Tuchel’s nationality doesn’t bother me because there wasn’t a succession candidate, nobody available that could capture the English essence with Southgate’s decency and diplomacy. A hired hand with no obligation to kiss the badge was the perversely obvious alternative. Almost an antidote.

Tuchel is just doing his next job. His CV is all that is really on the line.

When the white noise begins to swirl around the white shirts and everyone from Piers Morgan to the Loose Women are discussing the left-back options, when the tournament cabin fever takes hold and we look to the psychic powers of prediction of random zoo animals, this England manager will be blessed by a German sense of humour. He won’t get it.

He’s smart enough to know that he’ll need to massage the media. Those chummy photo opportunity invitations to journalists to come into camp and play darts against the guys are a tournament tactic as valid as inverted full-backs. Just so long as Jude doesn’t start aiming his arrows at a questioner’s head, they forge a truce – a Christmas Day kickabout with the enemy before the resumption of trench warfare on match days.

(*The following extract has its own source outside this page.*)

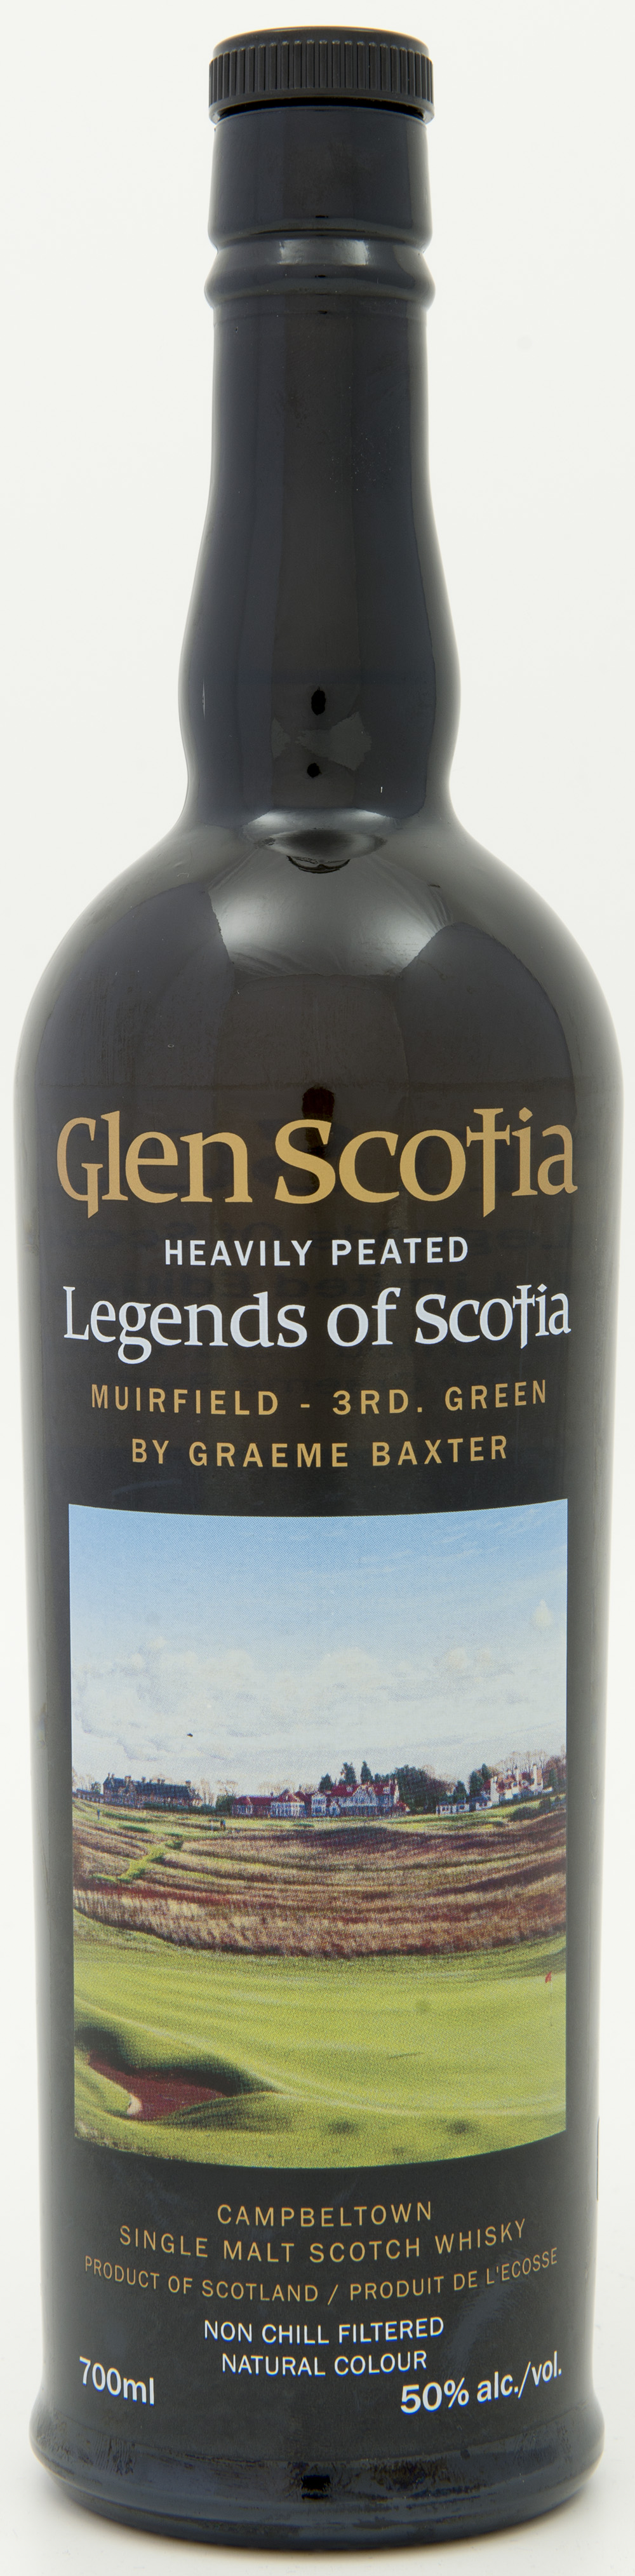 Billede: DSC_8220 - Glen Scotia - Heavily Peated - Legends of Scotia - bottle front.jpg

The only fun and games Tuchel has got to win start in June next year. Putting Albania and Latvia in their place in the world order will manage expectations to a point but if he doesn’t find ways to take the jeopardy out of qualification before next season starts, he might be seeing more of his children at home than planned. We are at the Bootcamp and Judges’ Houses stage only.

I used to love prepping for these qualifying games in my ITV days, watching tapes of San Marino and trying to recognise the bank clerk from the taxi driver.

A quick scan of the week’s fixtures gives you a fascinating overview of the scale and reach of the World Cup. In what other sporting event would Qatar be taking on North Korea? It’s difficult to fathom how Kuwait can be visiting Iraq this week (in a rematch of their 1990 encounter!). And then June sees Bermuda take on Cayman Islands – the so-called Tyldesley private bank accounts derby.

Like a works team getting to play in the first Preliminary Round of the FA Cup, I’ve no problem with every outcrop on the planet having its moment in the World Cup sunshine but these first two games of the new man’s reign are no more than Armand Duplantis skipping over the clearing heights without getting his pole out of its casing.

Sir Gareth kindly raised the bar to something close to the world’s best and our hopes and fears along with it. Tuchel Time begins next year.